Myriophyllum crispatum

Scientific classification
- Kingdom: Plantae
- Clade: Tracheophytes
- Clade: Angiosperms
- Clade: Eudicots
- Order: Saxifragales
- Family: Haloragaceae
- Genus: Myriophyllum
- Species: M. crispatum
- Binomial name: Myriophyllum crispatum A.E.Orchard

= Myriophyllum crispatum =

- Genus: Myriophyllum
- Species: crispatum
- Authority: A.E.Orchard

Species of flowering plant

Myriophyllum crispatum is a species of water milfoil native to Australia.

== Description ==
Myriophyllum crispatum has 25–60 cm tall stems. The leaves grow in whorls of 5–8. Submerged leaves are thread-like with 12–20 leaflets. Intermediate leaves are thicker with 6–8 short pinnae, transitioning into smooth linear terete forms.

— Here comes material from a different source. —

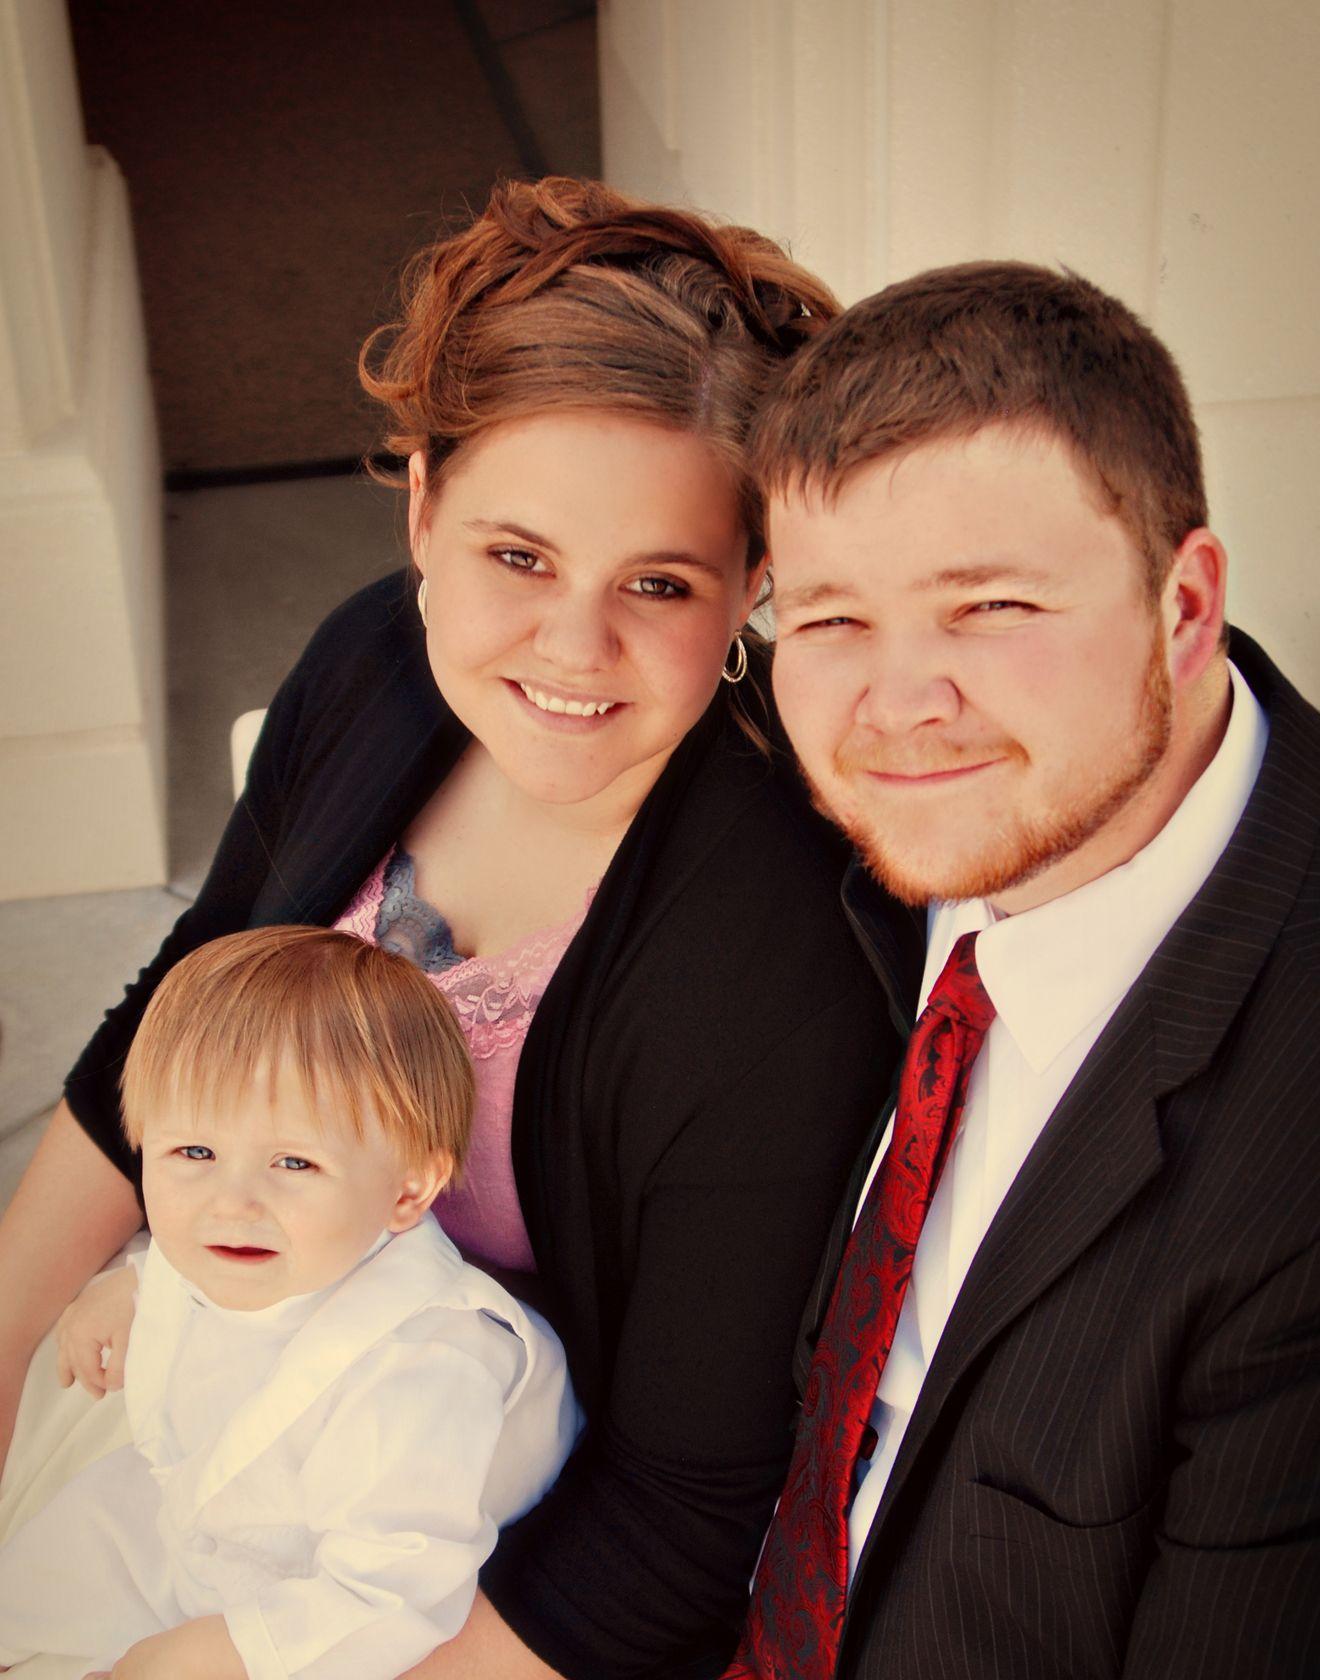 Family, photography inspiration, https://www.facebook.com/JennyLynPhotography?ref=hl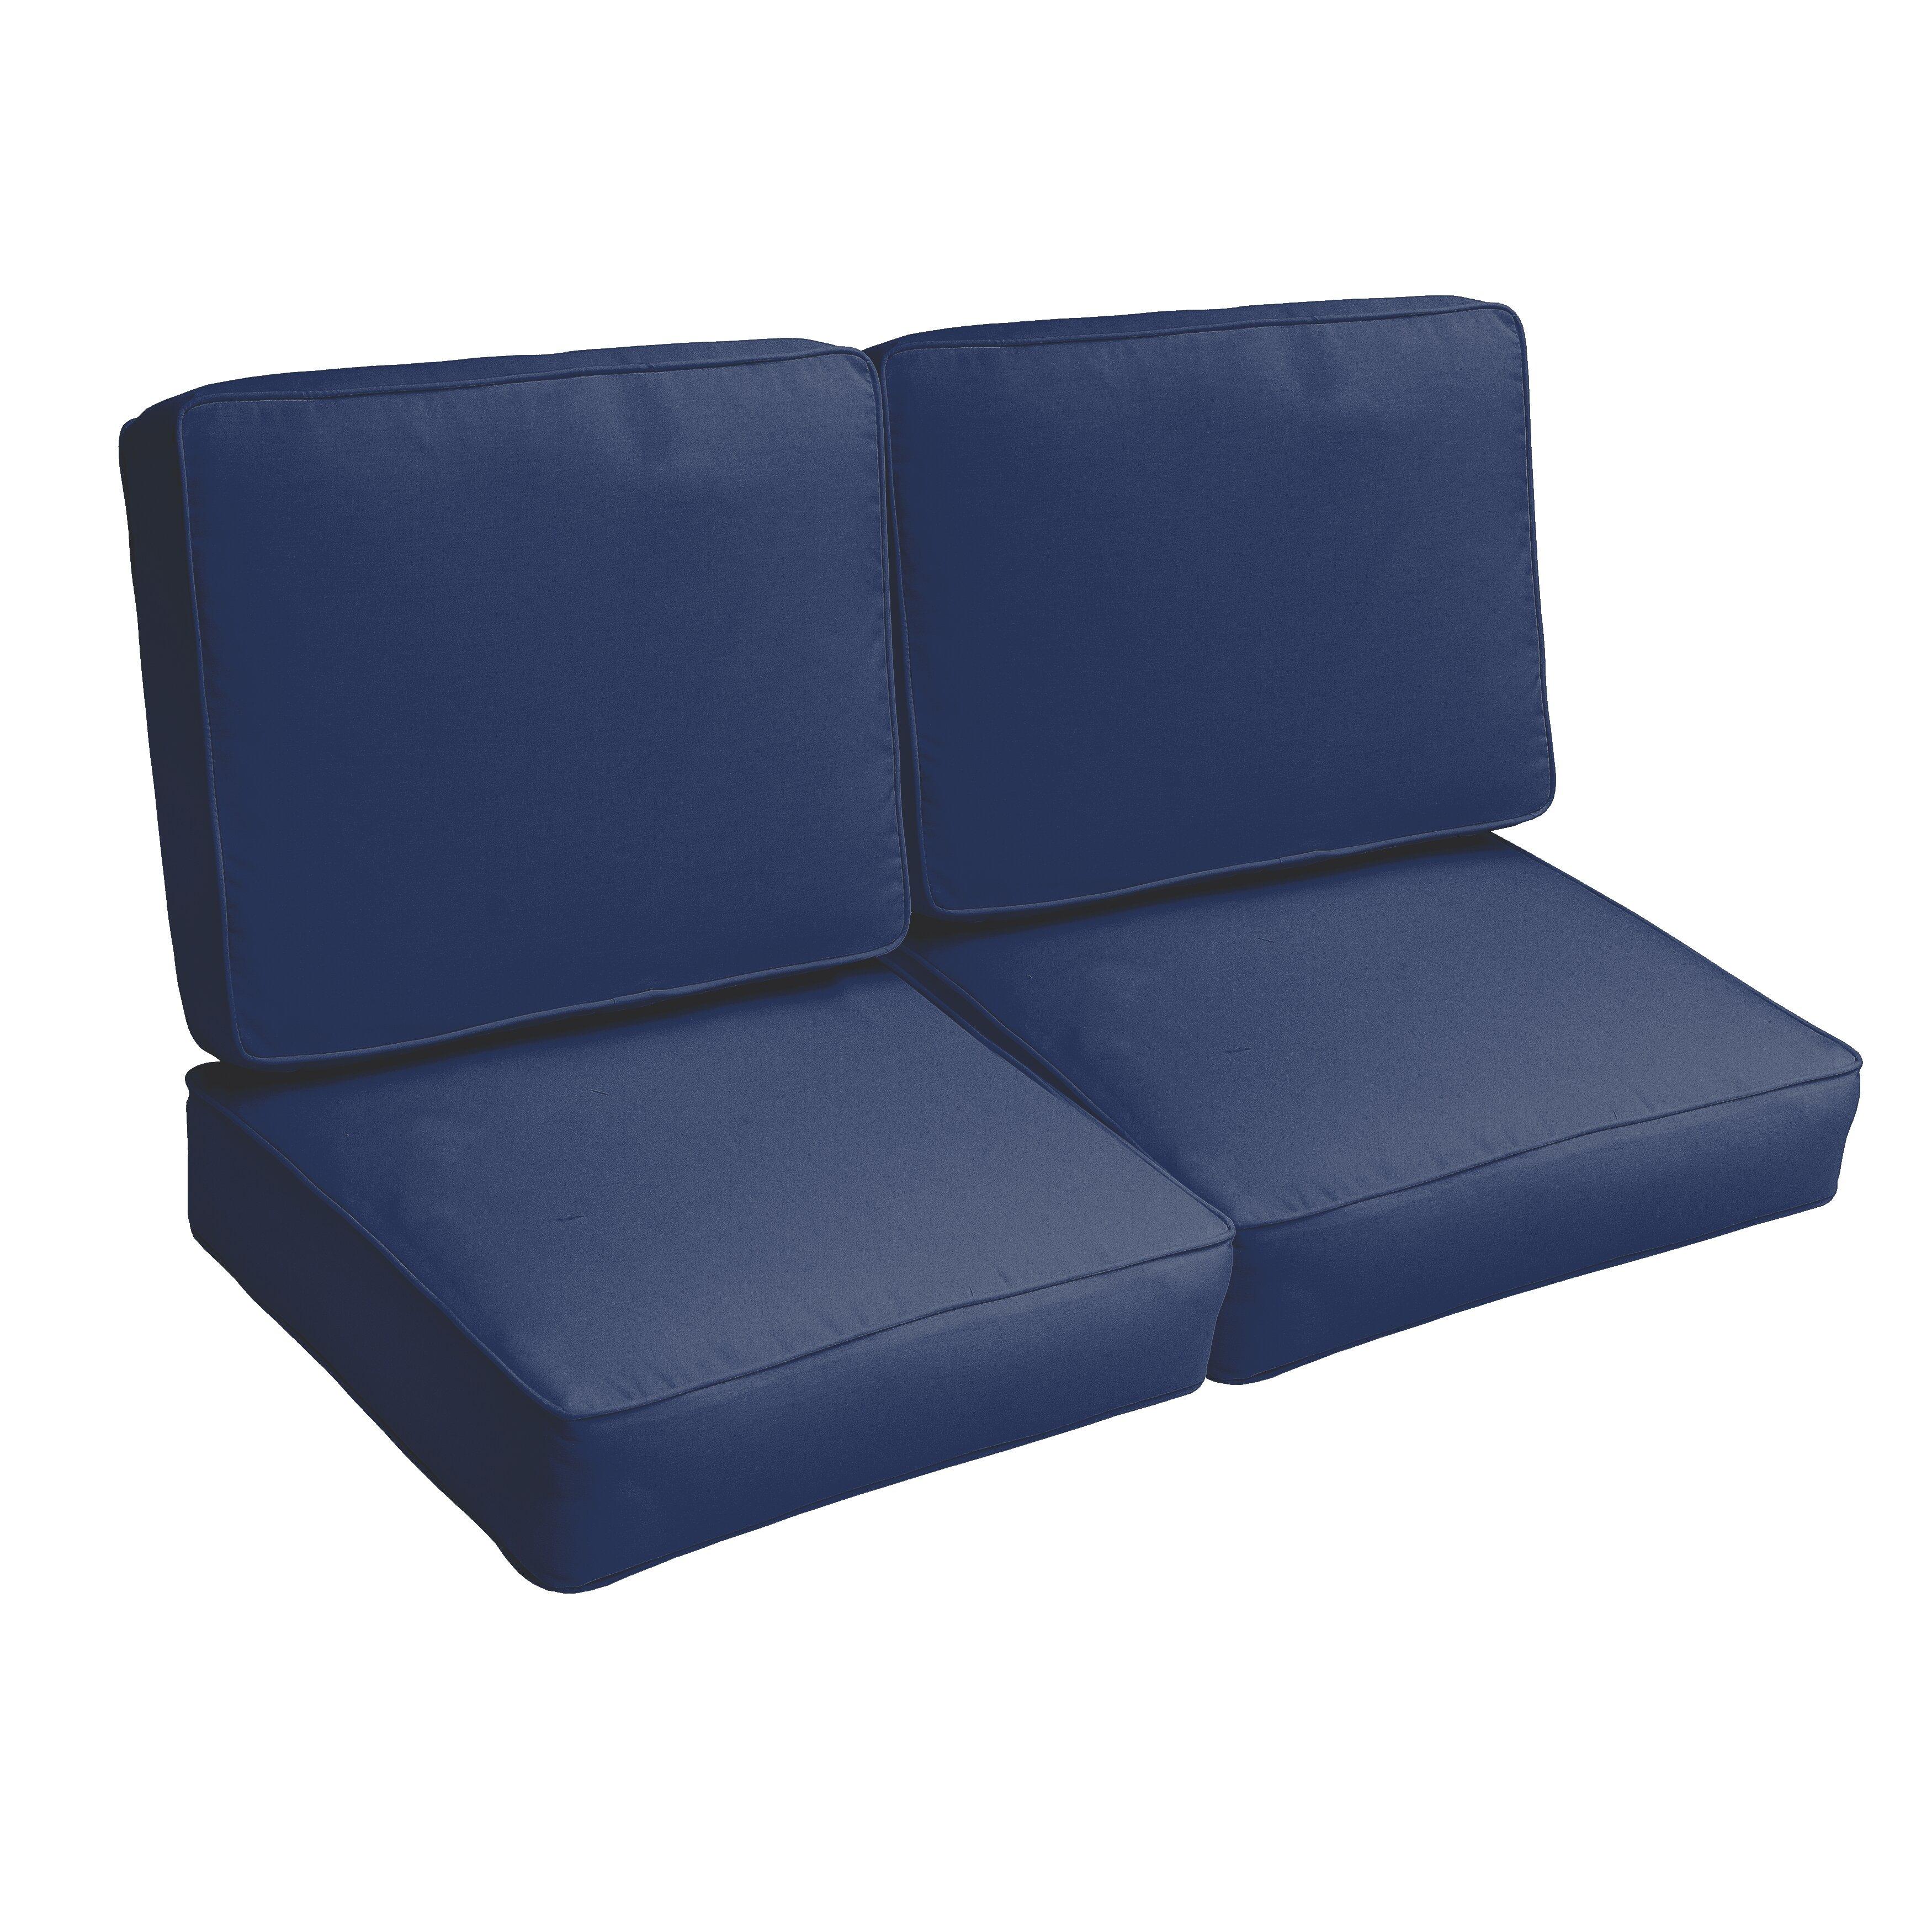 boy sets sawyer cushions pillows shop patio black furniture set z at pc cushion loveseat martha seating lake charlotte outdoor como piece stewart la covers replacement

Myriophyllum crispatum is monoecious. The male flower has 4 cream to dark brown or purple petals. The female flower lacks petals.

== Ecology ==
Myriophyllum crispatum occurs in Western Australia, south-eastern Australia, northern Tasmania, and south-eastern Queensland. It is most commonly found in shallow, stagnant water.